A stratified random sample of 70% of documents from the site with the most documents was used for training STM models (dataset Atrain), while the remainder were held out as a test set (dataset Atest). All documents from the other sites were used as additional test sets (datasets B–D). The first step of the STM process consisted of transforming documents into a term-by-document matrix by converting all text to lower case; tokenizing; removing tokens with fewer than three characters or no alphabetical characters; normalizing terms using the National Library of Medicine lexical tool Norm;29 removing stop words; and removing terms that only occur once in the matrix. A model selection process was then performed on the Atrain dataset using two machine learning algorithms: logistic regression (LR) using LogitBoost30 31 and linear support vector machines (SVM).32 33 Features for the models were developed by weighting the term-by-document matrix and then performing dimension reduction. Three factors were used in weighting the matrix: (1) term frequency for local weight; (2) collection frequency for global weight; and (3) a normalization factor.34 A log transformation on term frequency and cosine normalization was used for the first and third weighting factors, respectively. For the second weighting factor three commonly used methods were examined: χ2, gain ratio, and log OR.

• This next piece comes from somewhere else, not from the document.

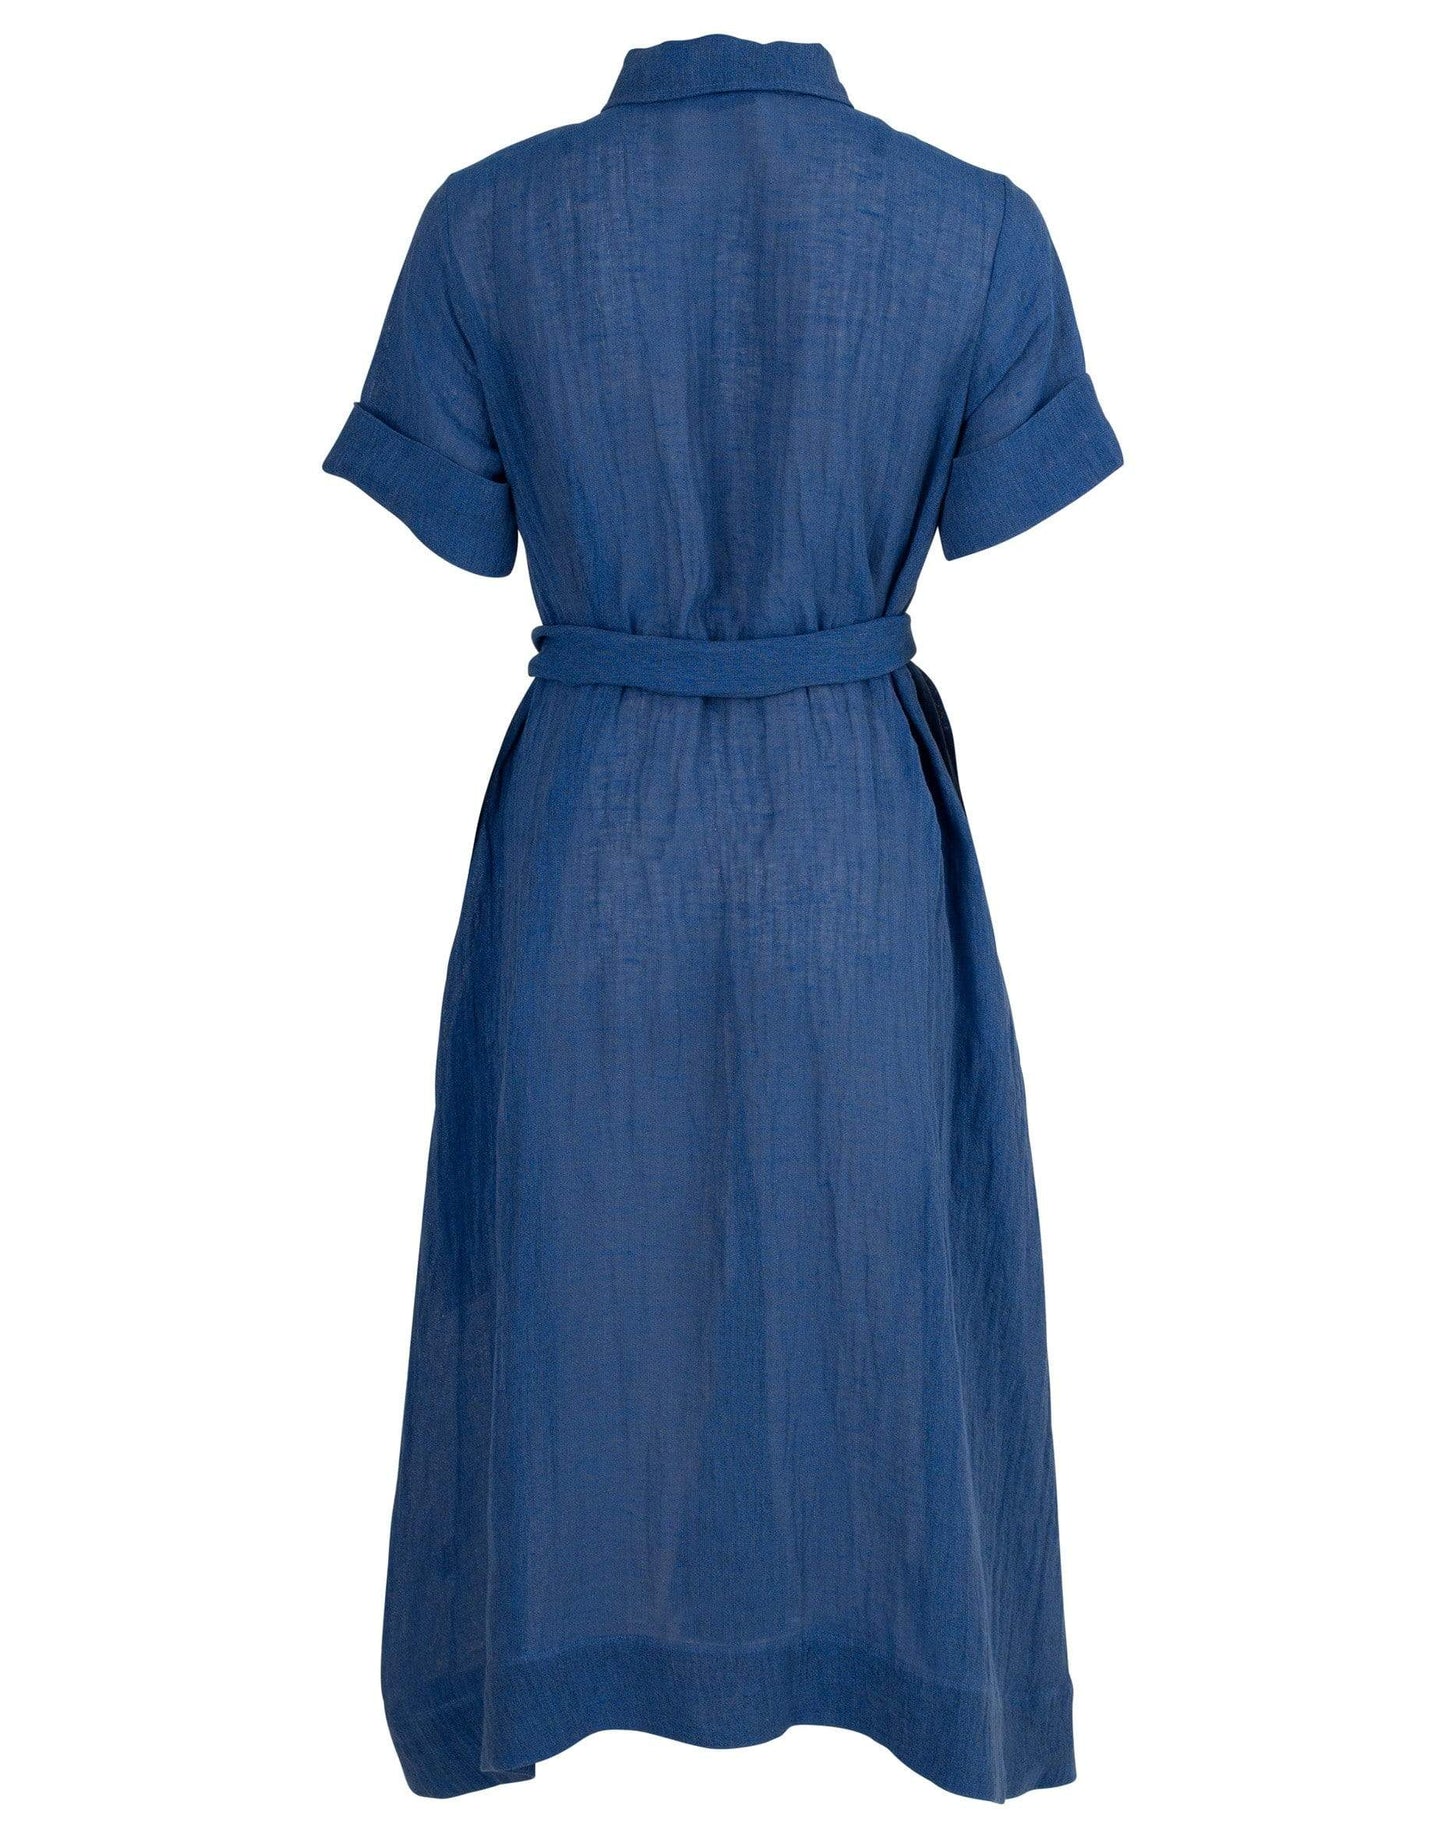 LISA MARIE FERNANDEZ-Moroccan Blue Shirt Dress-

Features were selected from the top n weighted terms and/or generated using latent semantic analysis.35 Latent semantic analysis uses singular value decomposition (SVD) to decompose the term-by-document matrix so documents with different, but related, term usage map to the same dimension. The top m SVD dimensions, which represent the best approximation of the matrix in m dimensions, are then selected as features for a model.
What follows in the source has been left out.